I phoned G, in Northern Ireland, who was very upbeat and positive. We talked about the bombs she had defused, including a gang related death threat. “But we don’t expect anything terrorism related. Looks like the IRA are working from home and self-isolating like everyone else.”

I phoned M, whose main worry was that her son’s business had collapsed. He and his wife had set up a company which paid them both a really low salary, with most of the money in dividends. So basically, their only support is 80% of bugger all.

Finally, I rang A: “I seem to be the person least affected by all this. I just potter along like I always have”.

Tuesday 24 March 2020

Yesterday I emerged from 7 days quarantine in the spare bedroom to enjoy the whole house, wandering from room to room. Got dressed and prepared for the adventure of the day – buying food. Tom gave me a long and precise list – two pints semi-skimmed milk, rice cakes etc.

I suggested that I wasn’t wholly better, and could still be infectious. My first symptom had been itchy eyes. Now the itching was back, suggesting cross-infection.

Tom was cross. “All we can do is follow Government advice” he said. “The Government says you are fine to go out and I’m not. If we don’t just follow the rules, I don’t know how to cope.”

And we did need food, and I did want to go out. So I walked to the Co-op, through the bracing spring sunshine, past camellias and budding willows, stepping into garden paths whenever I had to pass someone.

The Co-op was a shock. The fruit and veg aisles were empty, except for one bag of pre-prepared stir fry veg. I bought it, along with a birthday cake. But no milk, yogurt or standard bread. I waived a contactless card at the screen and got out. When I got home. I took time to recover, from what seemed like the end of capitalism. Those empty shelves had rattled me.

After a reviving cup of coffee, I had recovered sufficiently to attempt Shopping Take 2. I queued outside the greengrocers, and found a veritable cornucopia (bananas, oranges, kiwis, sweet potatoes, leeks). I bought them all, attempting with only limited success to pick them out with the tips of my gloved hand, rather than rifling around in the bags.  “Have you been OK?” the owner’s son asked. I hesitated, “I’ve been laid up with this bug everyone is talking about” is what I didn’t say. Instead, I muttered, something – “fine” I think.  I didn’t want to be the unclean leper polluting his shop.

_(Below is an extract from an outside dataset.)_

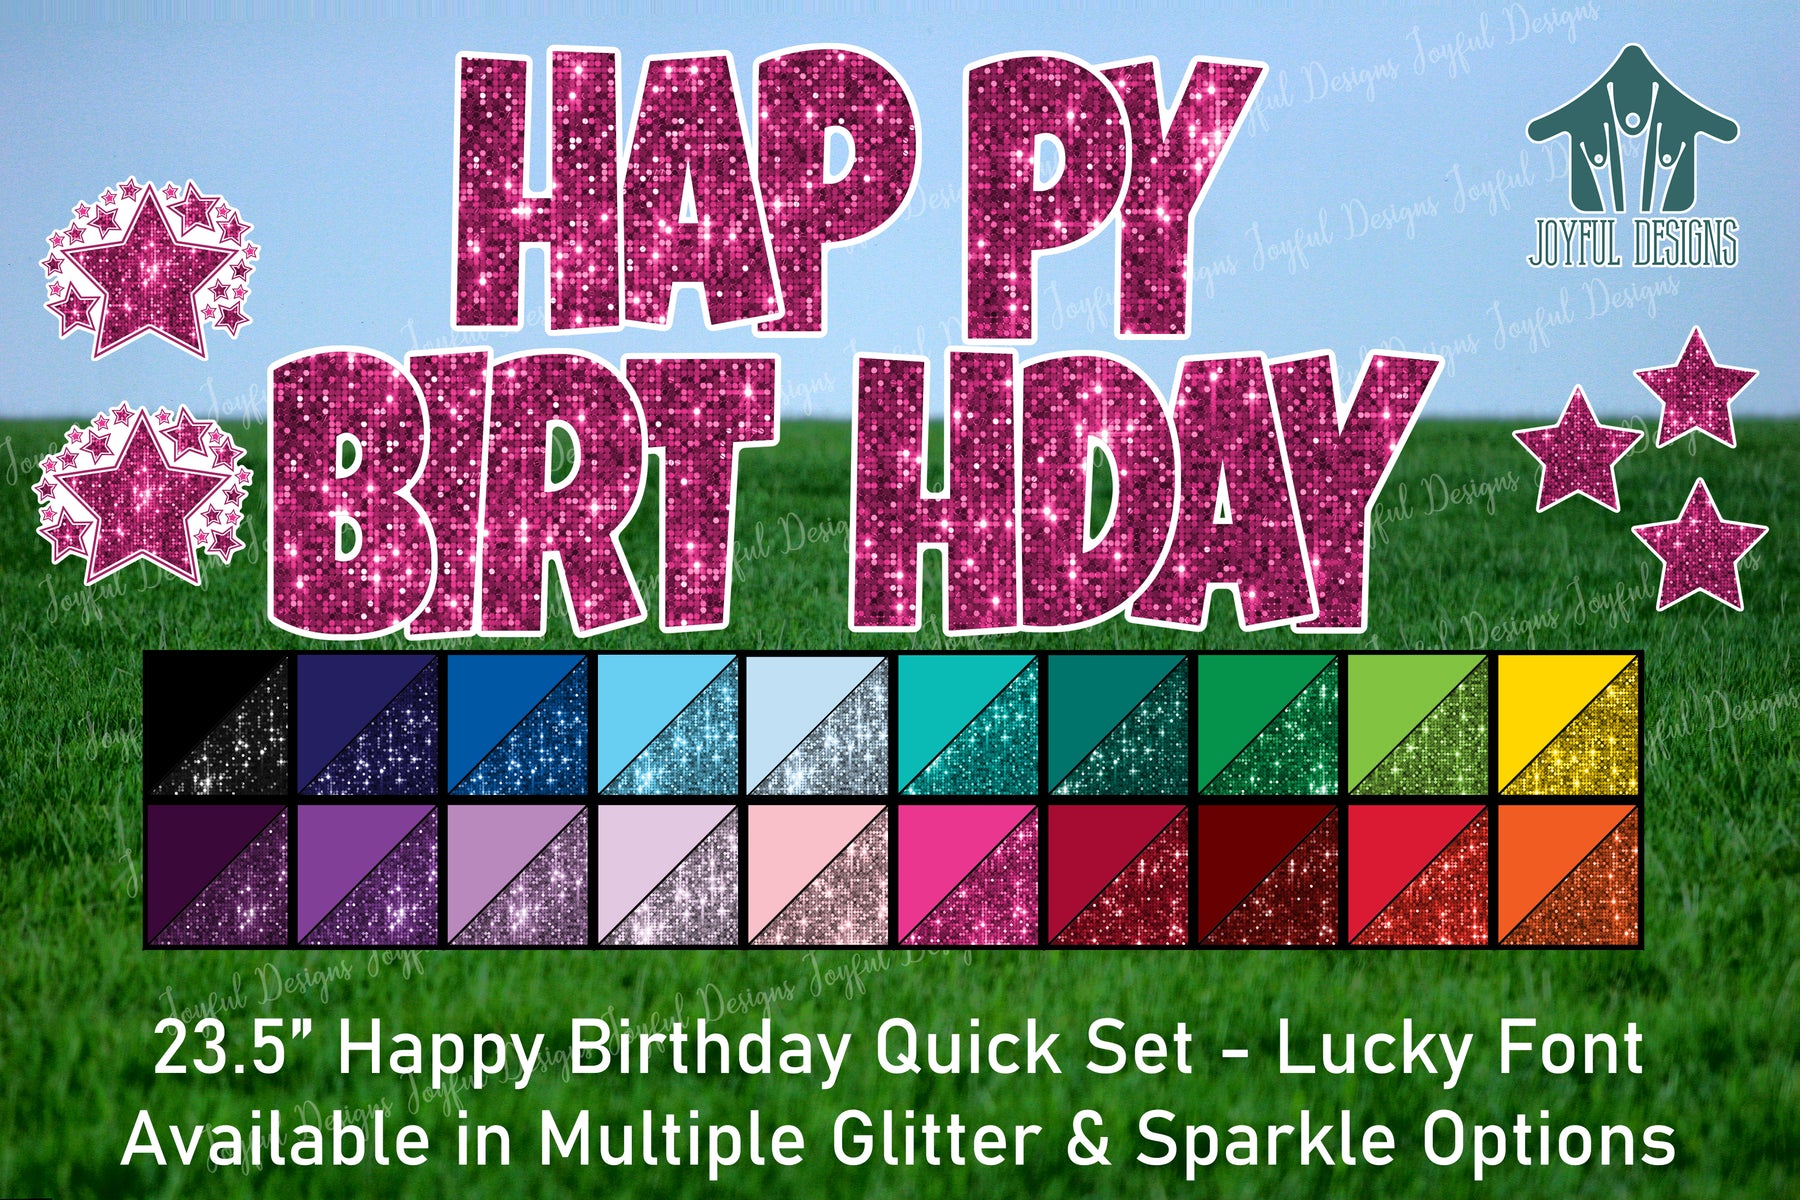 23.5" Happy Birthday Quick Set - Lucky Font

Tesco Express also fared better than the Co-op. I got milk, yogurt and even a small Hovis. Hurray! We can feed ourselves for another week.

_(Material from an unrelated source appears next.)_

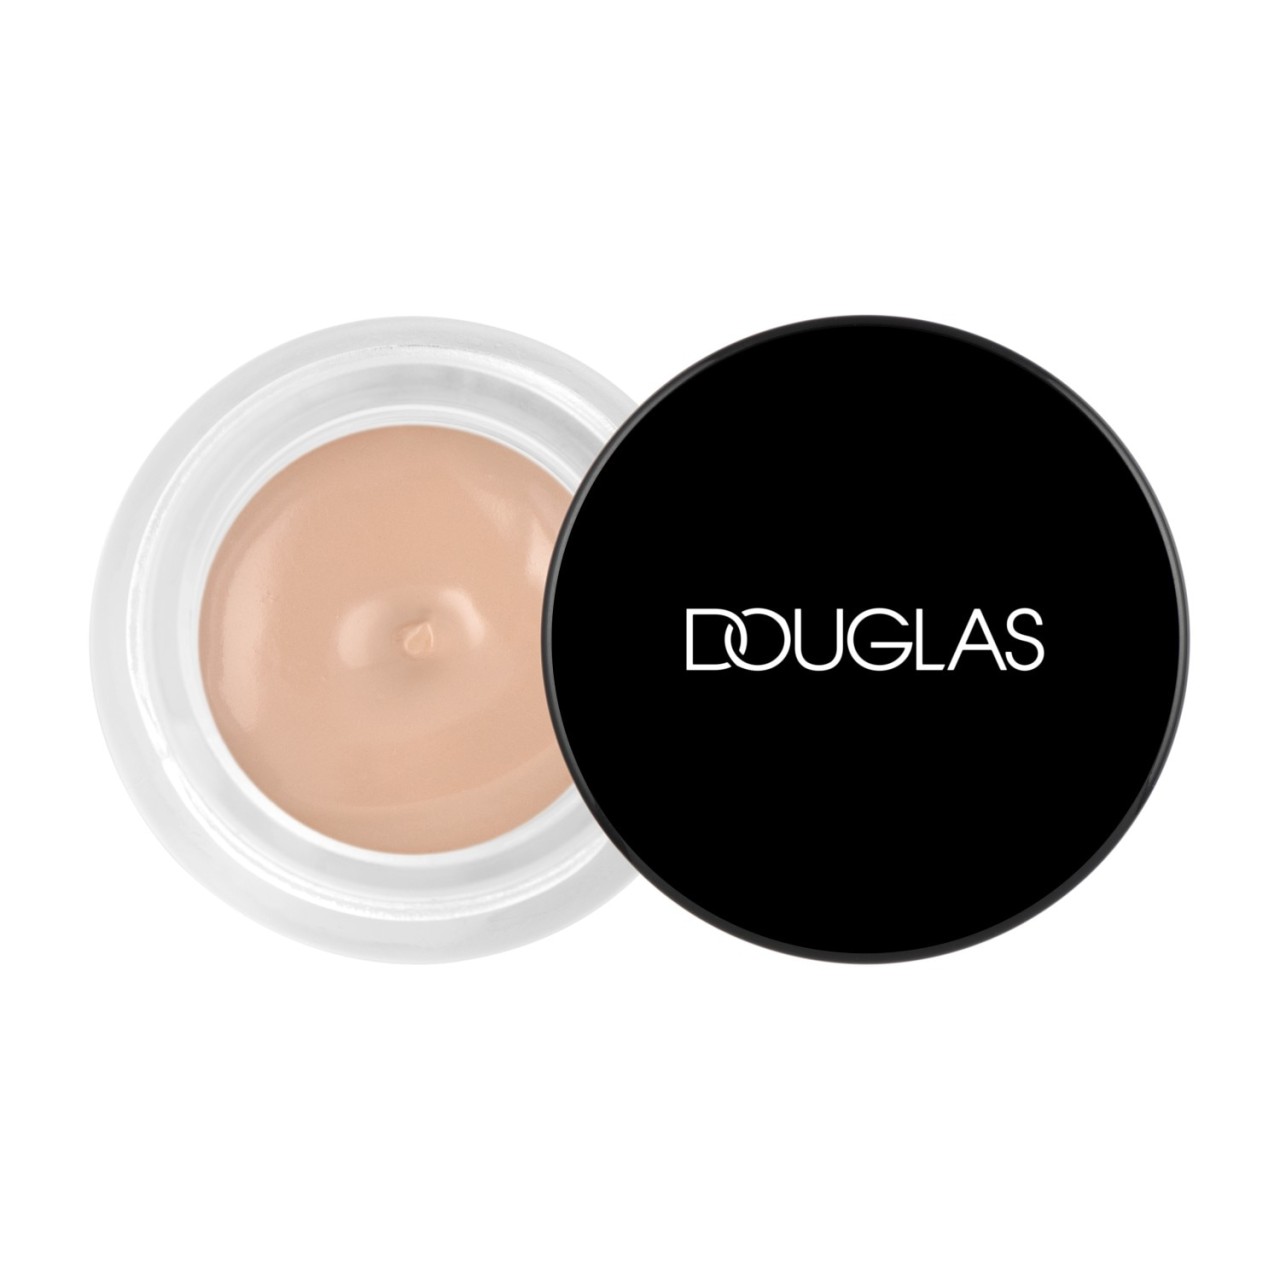 Douglas Collection - Eye Optimizing Full Coverage Concealer -  05

When I got back, I busied myself tidying the spare room and unpacked the ski clothes (it was a different world). I even cleaned up the debris on my dressing table. When I phoned Mike, he was also sorting through junk. “If you are looking at the zombie apocalypse and you realise it will never be useful, it’s time to throw it away”.

I cooked the stir fry (actually quite nice) and crashed. I filled up two hot water bottles and curled around then, to hear Boris tell us we should stay in-doors. Fell into a deep and dreamless sleep.

This morning I’m looking at an empty Marble Hill Park, with a sign on the gate. Closed. With the park, I thought I would be OK. Right now, I’m not feeling so good.

Last week Mike agreed to come over, so we could take [his dog] Morley for a walk in the park. We agreed yesterday that maybe he shouldn’t. But it is one thing to agree not to see him – quite another to be forbidden from doing anything as normal as going for a walk in the park with my son.